Well, the new behemoth’s pharmacy benefit management operation might use its even greater bargaining power with drug makers to negotiate down the extreme, indeed extortive, cost of so many prescription drugs in such a way as to benefit consumers. But I doubt it. It’s more likely that they’ll keep the savings to benefit CVS-Aetna senior executives and other shareholders and consumers will see little if any benefit from that.

Indeed, if the merger drives competitors out of business, CVS might, in the fullness of time and pricing power, increase other prices for its captive customer base a lot. But with giant insurer UnitedHealth Group also getting into the big-time clinic business, too, maybe that might not happen.

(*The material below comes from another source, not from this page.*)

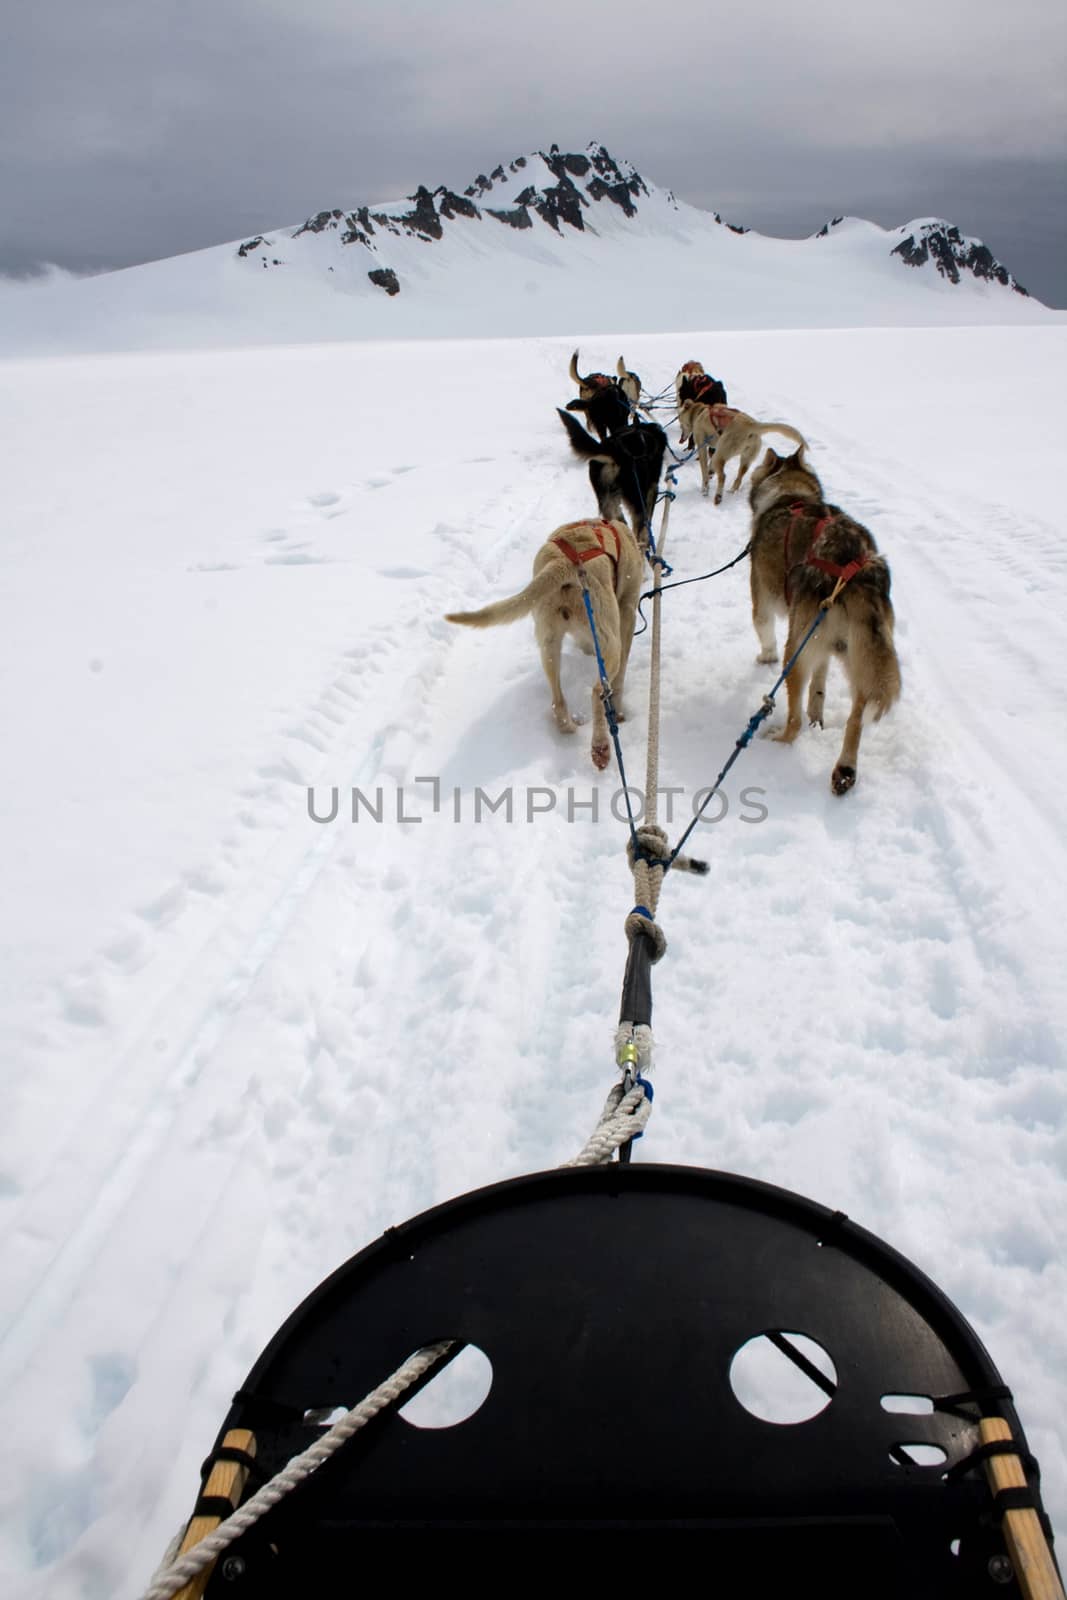 View from Sled Pulled by Dogs on Snow by NikkiGensert

Anyway, much good can come from this combination.

The merger is part of CVS’s plan to turn itself into a much-wider-service health-care provider, building on its rapidly expanding chain of Minute Clinics. There, nurse practitioners, physician assistants and regular nurses are joining with pharmacists to offer many services that you’d once have to go to a doctor’s office or hospital to get, at very high cost. After all, U.S. physicians are highest paid in the world, co-payments are jumping, etc. A brief visit to a hospital emergency room shows that far too many patients go to that very expensive venue for problems that could better be addressed in a, well, Minute Clinic. The aging of the population, and thus a flood of sicker people, especially raises the potential of Minute Clinic-like health-care retailers to slow surging health-care costs, or some of them anyway.

Indeed, whatever happens with drug prices at the likes of CVS-Aetna, consumers can save time, and thus money, by using a facility that will offer many primary-care services beyond pills, such as medical tests, physical exams and medical consultations, as well as food and other products. Life can be frantic. One-stop shopping is very attractive. At the least, these centers might help you cut down on transportation costs.

Getting your health insurance from the same organization where you get much of your health care may also make your life easier. For one thing, the sharing of patient data between the insurance side and the provider (CVS) may facilitate better care, especially for those with such chronic ailments as heart disease. But, yes, it will also make your personal data more vulnerable to computer hacking from crooks domestic or foreign (especially the Russians and Chinese)….

But again, much depends on whether the merger ends up squashing CVS-Aetna competitors so much that the behemoth can jack up prices, including for insurance. Many patients may find themselves trapped in expensive “health-care hubs.’’ Always remember that most companies care far more about their senior executives and other shareholders than anyone else.

And the CVS-Aetna deal is probably more bad news for hospitals and physician groups: The new entity will probably drain away many of their patients.